What impact would a new law protecting PII have on HIPAA? Well at first maybe nothing at all; laws move slow. However, in time we might expect to see concepts such as "Privacy by Design" and "Privacy by Default" expressly reflected in the HIPAA regulations just as they are today in GDPR. So that begs the questions "what do these concepts mean?" and "how should they be implemented?"
What is Privacy by Design?
Privacy by design is an approach to systems engineering initially developed by Ann Cavoukian
and formalized in a joint report on privacy-enhancing technologies by a joint team of the Information and Privacy Commissioner of Ontario (Canada), the Dutch Data Protection Authority, and the Netherlands Organization for Applied Scientific Research in 1995. The privacy by design framework was published in 2009 and adopted by the International Assembly of Privacy Commissioners and Data Protection Authorities in 2010. Privacy by design calls for privacy to be followed throughout the whole engineering process.
In other words, anytime you start building a new "App" you should consider how privacy will be implemented as an integral part of the design. That's easy enough to state but hard to do because by its very definition both software development and privacy are wicked problems. One way to think about how and where to incorporate design is by using the OSI Stack as a go by:
Although clearly, it should be obvious that the "Application Layer" is where the "privacy logic" should be incorporated, the OSI model functions at too high a level of abstraction to be of much use. Why? Because the "Application Layer" itself is not this single monolithic block. It is generally broken down into the following layers: (1) User Interface; (2) Business Logic; and (3) Database as depicted to the right. The "privacy logic" should be included early on in the Business Logic as part of the original design, instead of some "bolt-on" that is added after the fact as a kluge.
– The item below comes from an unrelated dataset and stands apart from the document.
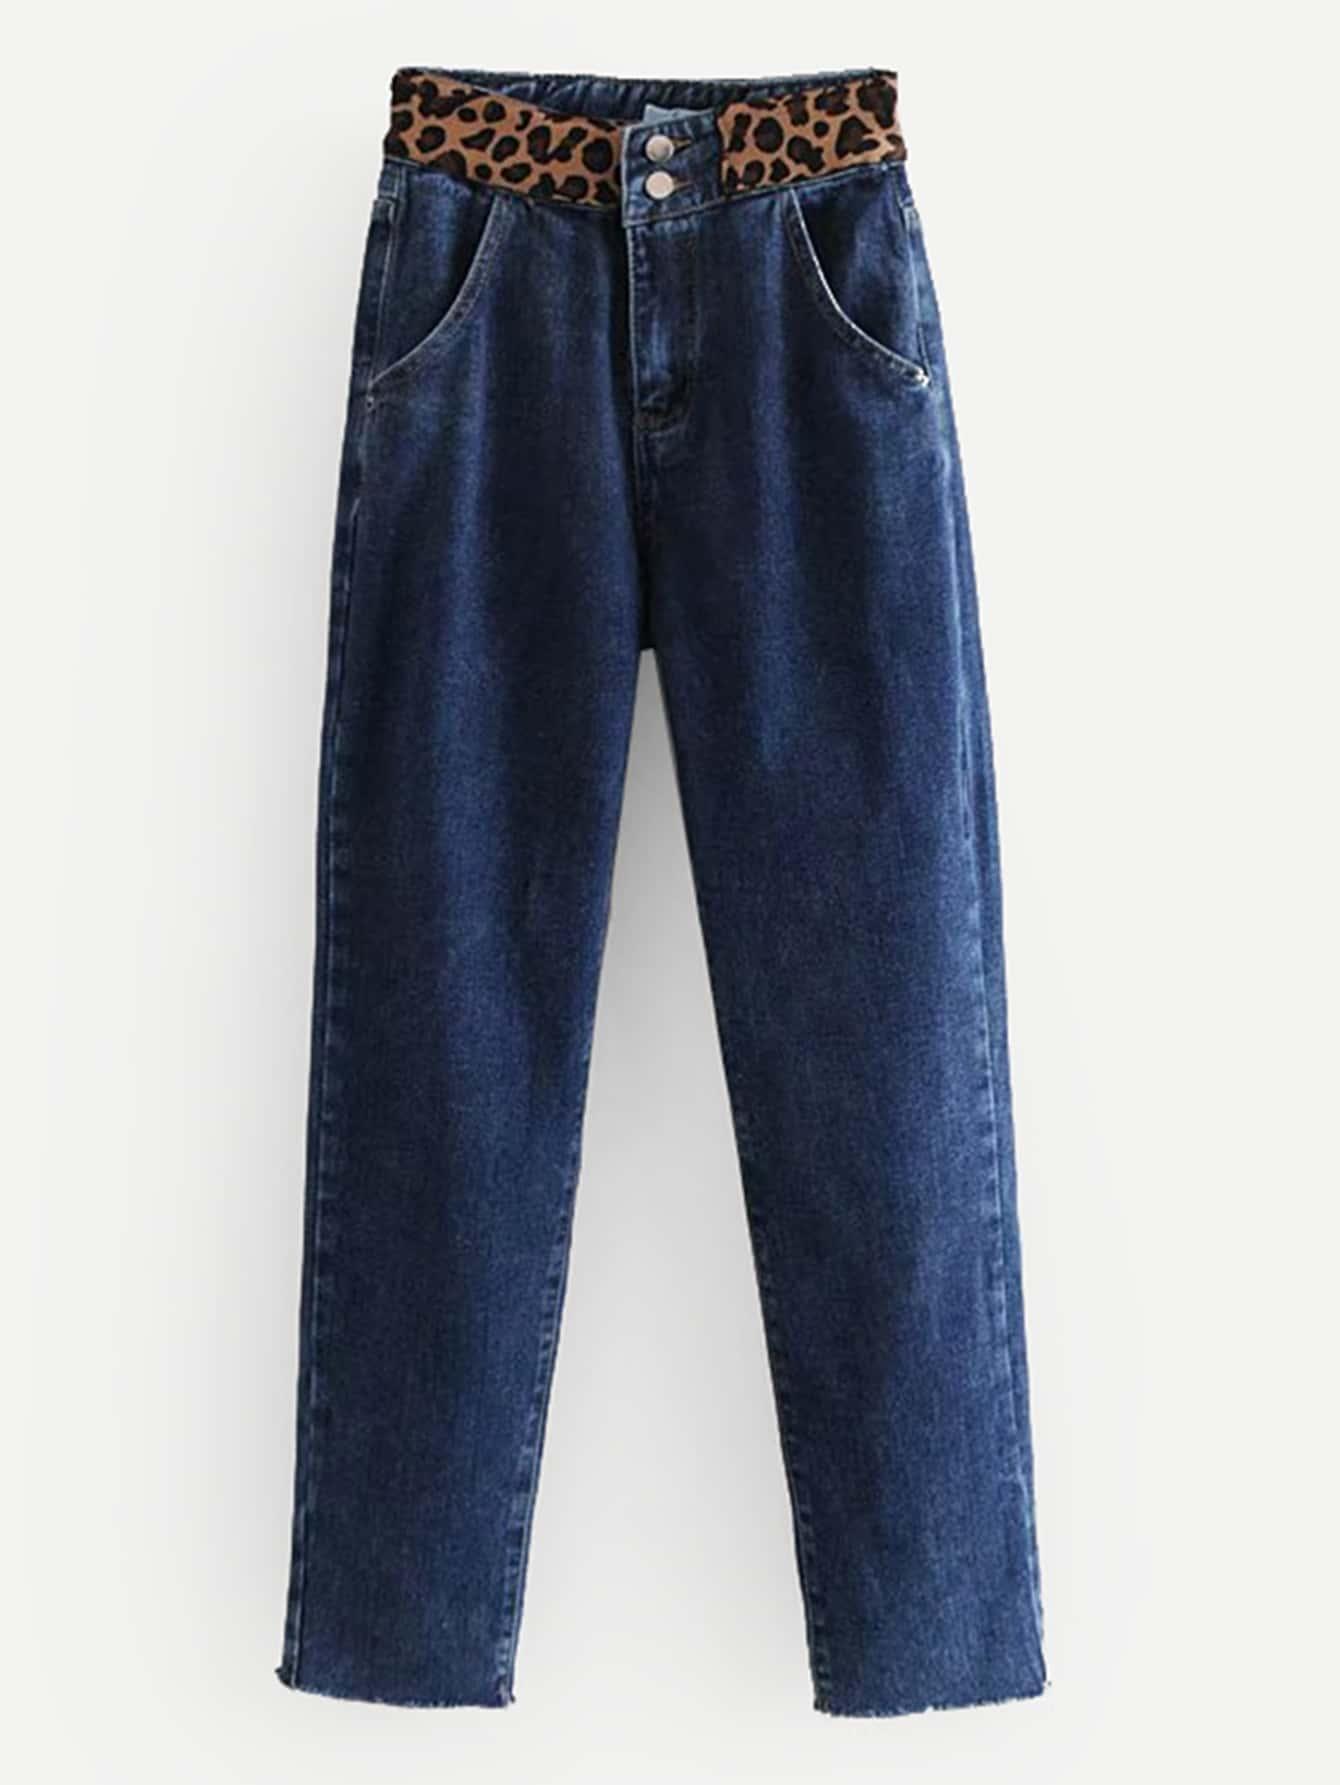 Leopard Print High Waist Jeans Leopard Print High Waist Jeans

What is Privacy by Default?
Privacy by Default means that instead of presenting the User of an Application with a bewildering array of privacy options, the strictest privacy options should be selected by the application as the "default option," thereby allowing the User to increasingly allow more access as he or she becomes better acquainted with how the publisher intends to use the data acquired. Historically, and for obvious reasons, publishers have not followed this principle. The GDPR makes it law that this principle must be followed, and moreover, it may also be true if the U.S. adopts a new privacy law. After all, from a public policy perspective, it is the User's interests that are being protected, and the inference amongst policymakers is that users prefer more, rather than less, privacy.
As always, the devil is in the details. One thing is to mandate what some may consider "motherhood and apple pie" platitudes and another is actually to make enforceable law that accomplishes the objective. These concepts themselves are abstractions, and it is difficult enough to legislate pursuant to concrete things let alone concepts that are amorphous. However, that did not stop the EU when it promulgated the GDPR. It just mandated that they be done and left all the details to the relevant stakeholders. Make it happen, or at a minimum one supposes, convince the GDPR authorities as to why in a particular instance it can't be done.
It is not that the concepts themselves are difficult to understand, this article should help you with that. It's more the nature of a wicked problem that changes how organizations operate and almost always proves to be a more difficult problem than what was apparent on its face.